Мадам Оже беседовала с мужем в гостиной. Это была довольно привлекательная женщина, которая тщательно следила за своей внешностью, так как любила быть в центре внимания. По возрасту она была старше Софи всего лишь на шесть лет. Мсье Оже было чуть больше пятидесяти.
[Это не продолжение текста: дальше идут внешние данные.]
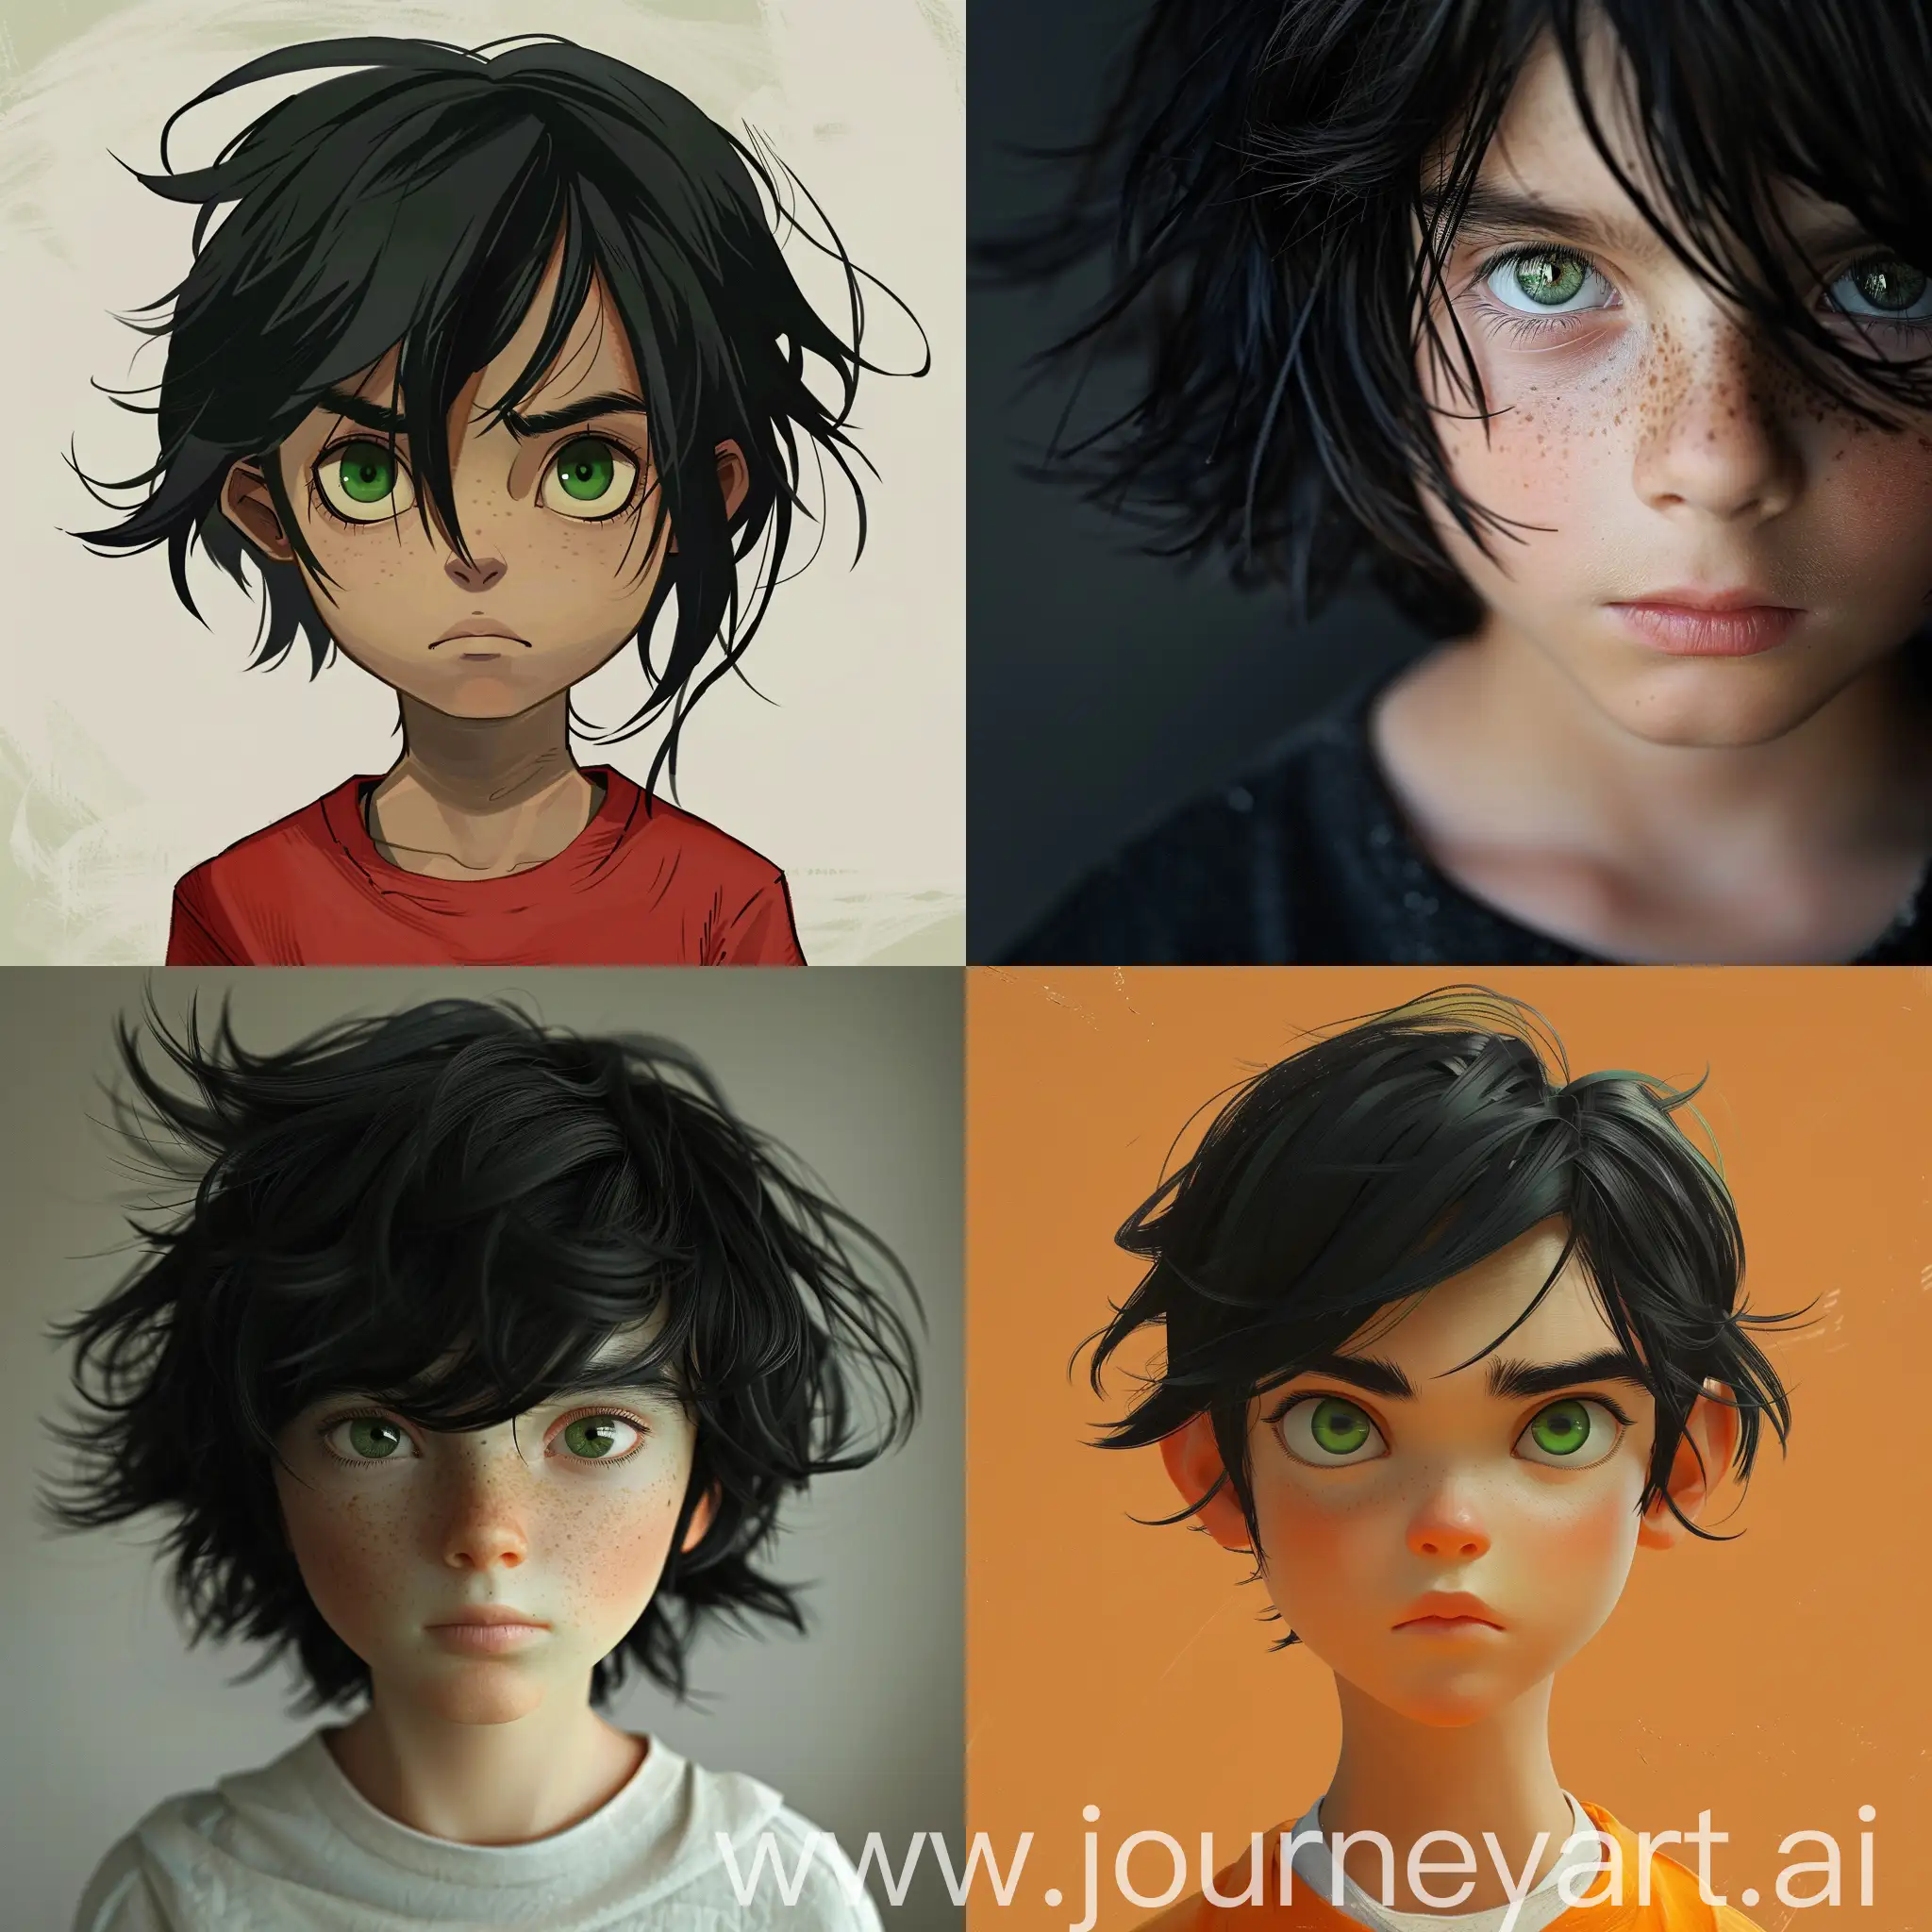 Leonard, a young Italian boy of 12 years old, with black hair, long green eyes, and an imposing stature.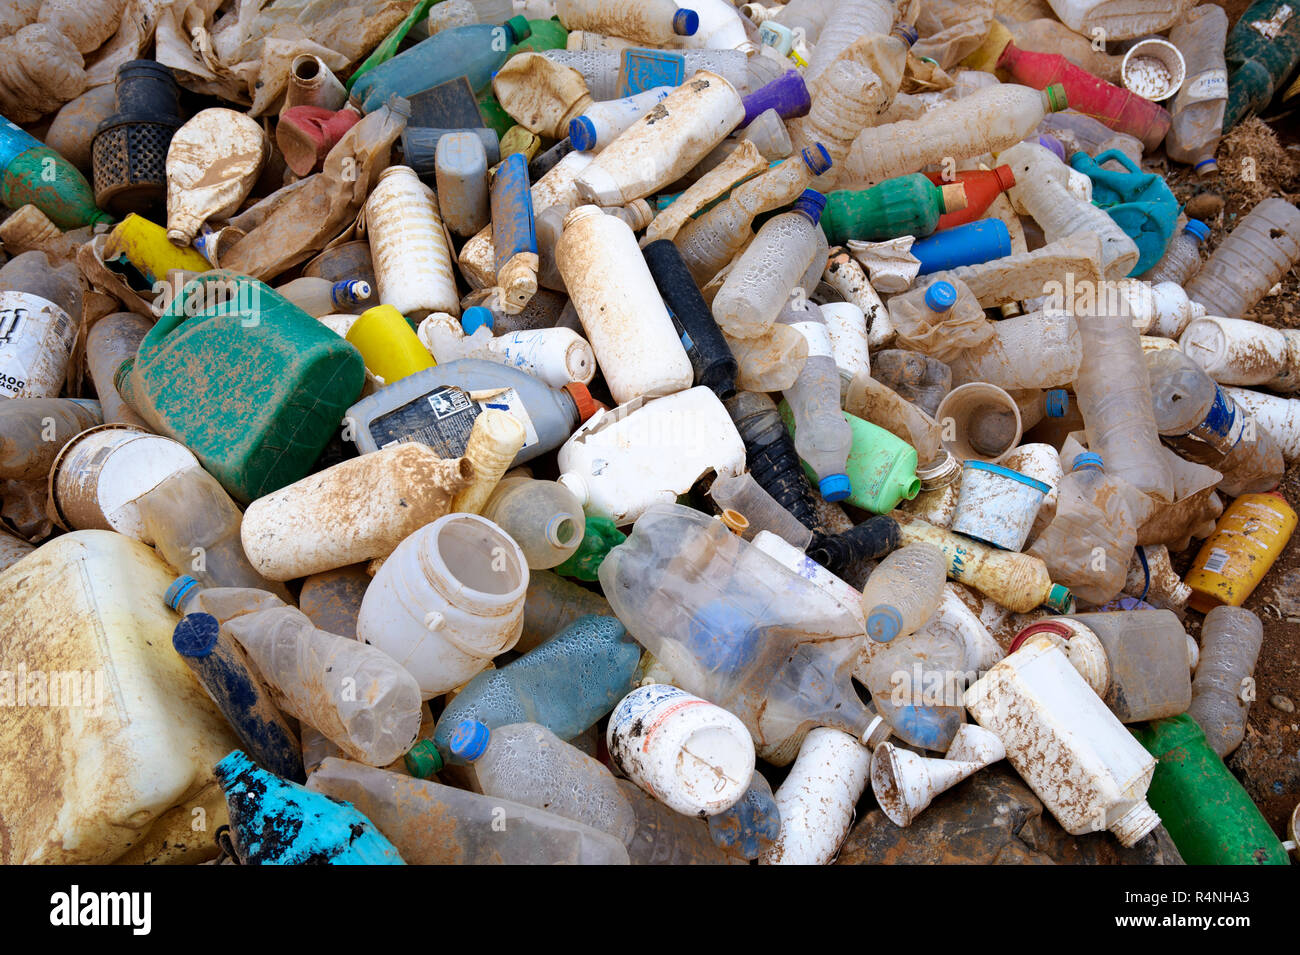 Ocean pollution: plastic bottles and containers washed up on a beach of the island of Amorgos, Greece. Stock Photo

Несмотря на зрелый возраст, он так и не избавился от юношеской доверчивости и был склонен приписывать людям несуществующее благородство.
Темой беседы супружеской пары была предстоящая свадьба Софи.
— Я рад, что она выходит замуж за Линдона, — сказал мсье Оже.
— Надеюсь, он любит ее, — сказала его жена. — Многие молодые люди сейчас женятся по расчету.
— Нет, на этой девушке можно жениться только по любви. Она такая милая. Мне кажется, что все любят ее так же сильно, как я.
— В этом твоя беда, Луи. Ты думаешь, что все чувствуют то же, что ты.
— Ох, ты права, Каролин. Я до сих пор наивен.
— Кстати, зачем ты пригласил эту вульгарную куртизанку Ноэль?
— Дорогая, она сама приехала на день рождения Софи. Она ее родственница.
— Эта женщина явилась сюда с единственной целью поселиться здесь, окрутить тебя, а меня отравить!
— Господи, что за мысли, дорогая! — испугался мсье Оже. — Хорошо, после того как мы отпразднуем день рождения Софи, я уговорю ее уехать.
— Ладно… две недели мне придется терпеть унижения. А какой пример она подаст девушке!
С этими словами Каролин ушла, оставив мужа одного. Мсье Оже недолго оставался в одиночестве. Его окликнула мадмуазель Кремер, камеристка Софи, строгая девица, которой недавно минуло двадцать девять. Она была некрасива и слишком худа, постоянная напряженность придавала ее лицу неприятное выражение. Кремер никогда не выражала своих чувств и эмоций и держалась подчеркнуто холодно.